Он впился в ее губы, словно намереваясь поглотить целиком, но природная чувственность Мойры откликнулась на это не просто с пассивной податливостью. Высвободив руки из-под его опеки, она обхватила Аддиса за шею, прижимаясь к нему всем телом. Их языки и губы встретились в соперничестве, продолжая спор в безмолвной борьбе, отказываясь подчиниться. От страсти по коже пробежали мурашки, потяжелело в животе, в бедрах почувствовалась заметная дрожь. Ее рассудок помутнел, не воспринимая ничего, кроме ощущения происходящего и реальности этого мужчины, живого и невредимого. Их обоюдная страсть взметнулась до вершин дикого напряжения и затем медленно спустилась в туманную тихую долину взаимопонимания.
Мойра обнаружила, что опустила голову ему на грудь, ее руки, словно живущие своей независимой жизнью, обнимали его тело, а губы Аддиса нежно прижались к ее виску.
— Попробуй только еще раз предложить ему свою жизнь или выкинуть нечто подобное, и я задушу тебя собственными руками, — прошептала она.
Он тихо рассмеялся.
— Я же говорил, ты опасная женщина, — он мягко отстранил ее от себя. — Нам нужно трогаться в путь, Мойра.
Ей совершенно не хотелось оставлять его объятия и лишаться короткого безмолвного ощущения единения дружбы и страсти. Преодолев себя, она неохотно отодвинулась от него и усилием воли привела эмоции в относительный порядок.
— Ты… вы знаете, где находится деревня Уитли?
— Да, совсем рядом с границей соседнего доминиканского аббатства. Там живет много наших людей.
Она сообщила ему о совете, который дал сэр Ричард. Аддис кивнул.
— Ричард был управляющим в замке моего отца. Если кому-то в Барроуборо и можно доверять, так это ему. И если Саймон решит отправиться в погоню за нами, он не отважится напасть на деревню аббатства, потому что поднимется слишком большой шум, — Аддис бросил взгляд на повозку. — Это придется бросить тут, с ней мы будем двигаться слишком медленно. Так что давай, бери то, что тебе необходимо, а позже мы пошлем кого-нибудь, чтобы он забрал остальное.
Нырнув в гущу деревьев, она разыскала спрятанную в подлеске корзину для шитья. Из сундука на повозке она достала несколько чистых наголовных покрывал и нижних сорочек и переложила в корзину. Он сел в седло, взял у нее корзину и снова протянул руку, чтобы помочь ей. Устроившись на коне у Аддиса за спиной, она повесила корзину на руку. Корзина мешала держаться, и когда конь тронулся, Мойре пришлось прилагать немало усилий, чтобы не упасть.

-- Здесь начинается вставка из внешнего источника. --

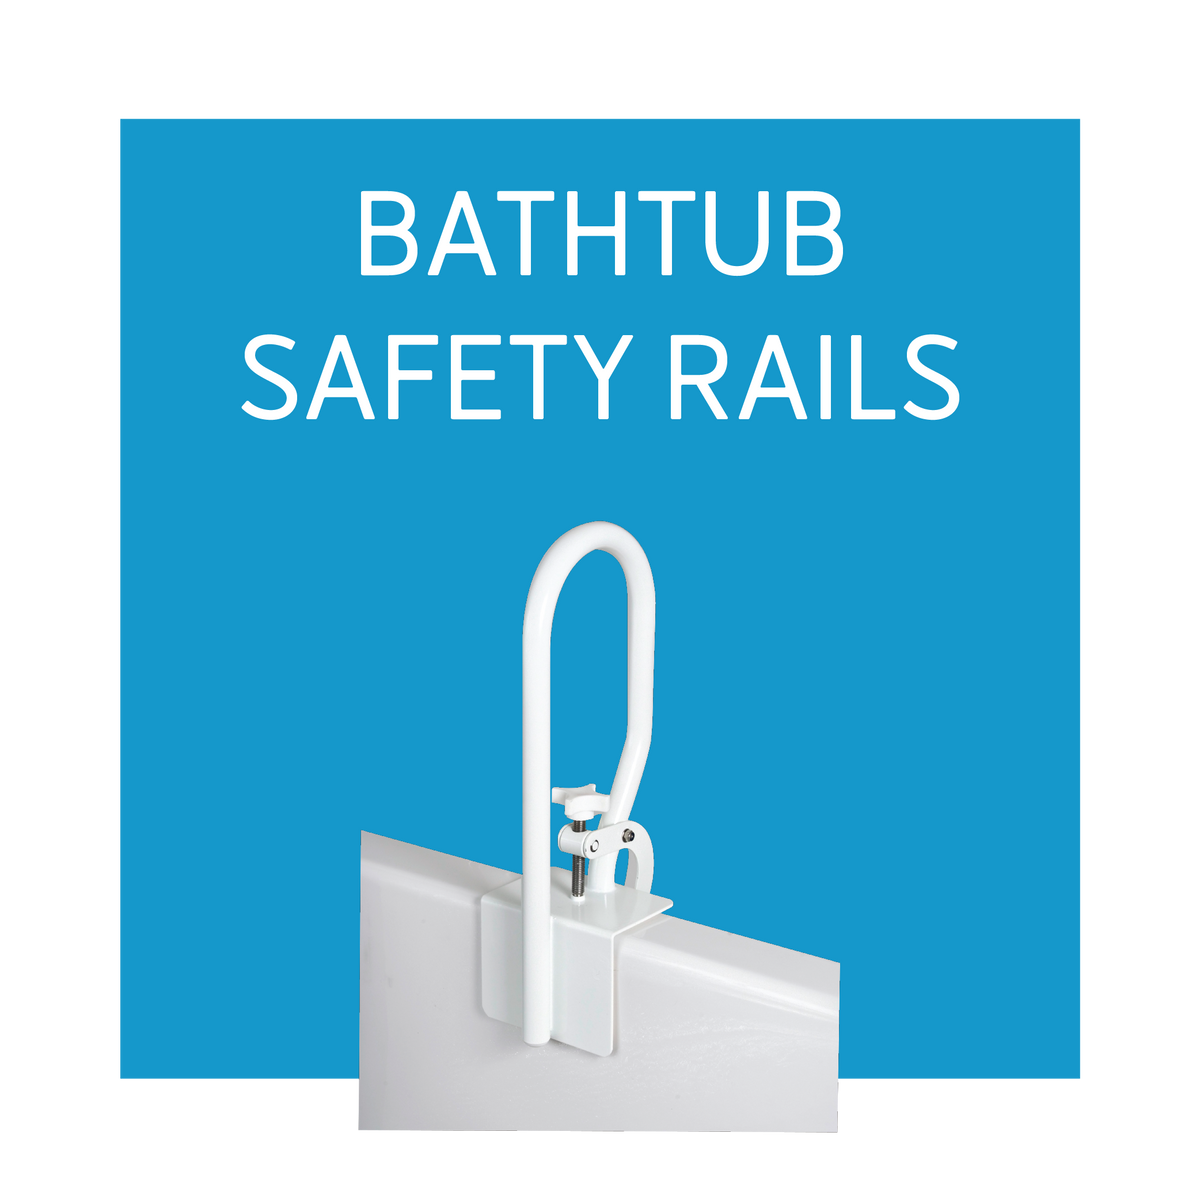 A bathtub safety rail on a blue background

Аддис выбрал тропу, которая вела на юг, к дороге, и вскоре подстегнул коня, чтобы тот двигался быстрее. Она смотрела на крепкую спину перед собой и понимала, что, позволив ему поцеловать себя, совершила очередную ошибку, усложнившую и без того непростую ситуацию.
Не позволяй эмоциям брать верх над разумом! — корила она себя за очередную глупость. Вспомни, кто он и кем скоро станет, и что должно случиться через несколько месяцев. Представь его на той лестнице в Барроуборо и никогда не забывай, что это означает. Когда-нибудь он обязательно взойдет на нее, и рядом с ним будет находиться новая Клер. Несмотря на проявления страсти, которую он сейчас к ней испытывает, не стоит обманываться на этот счет — страсть является результатом опасности, близости и удобства, вот и все. Так что не стоит строить иллюзий.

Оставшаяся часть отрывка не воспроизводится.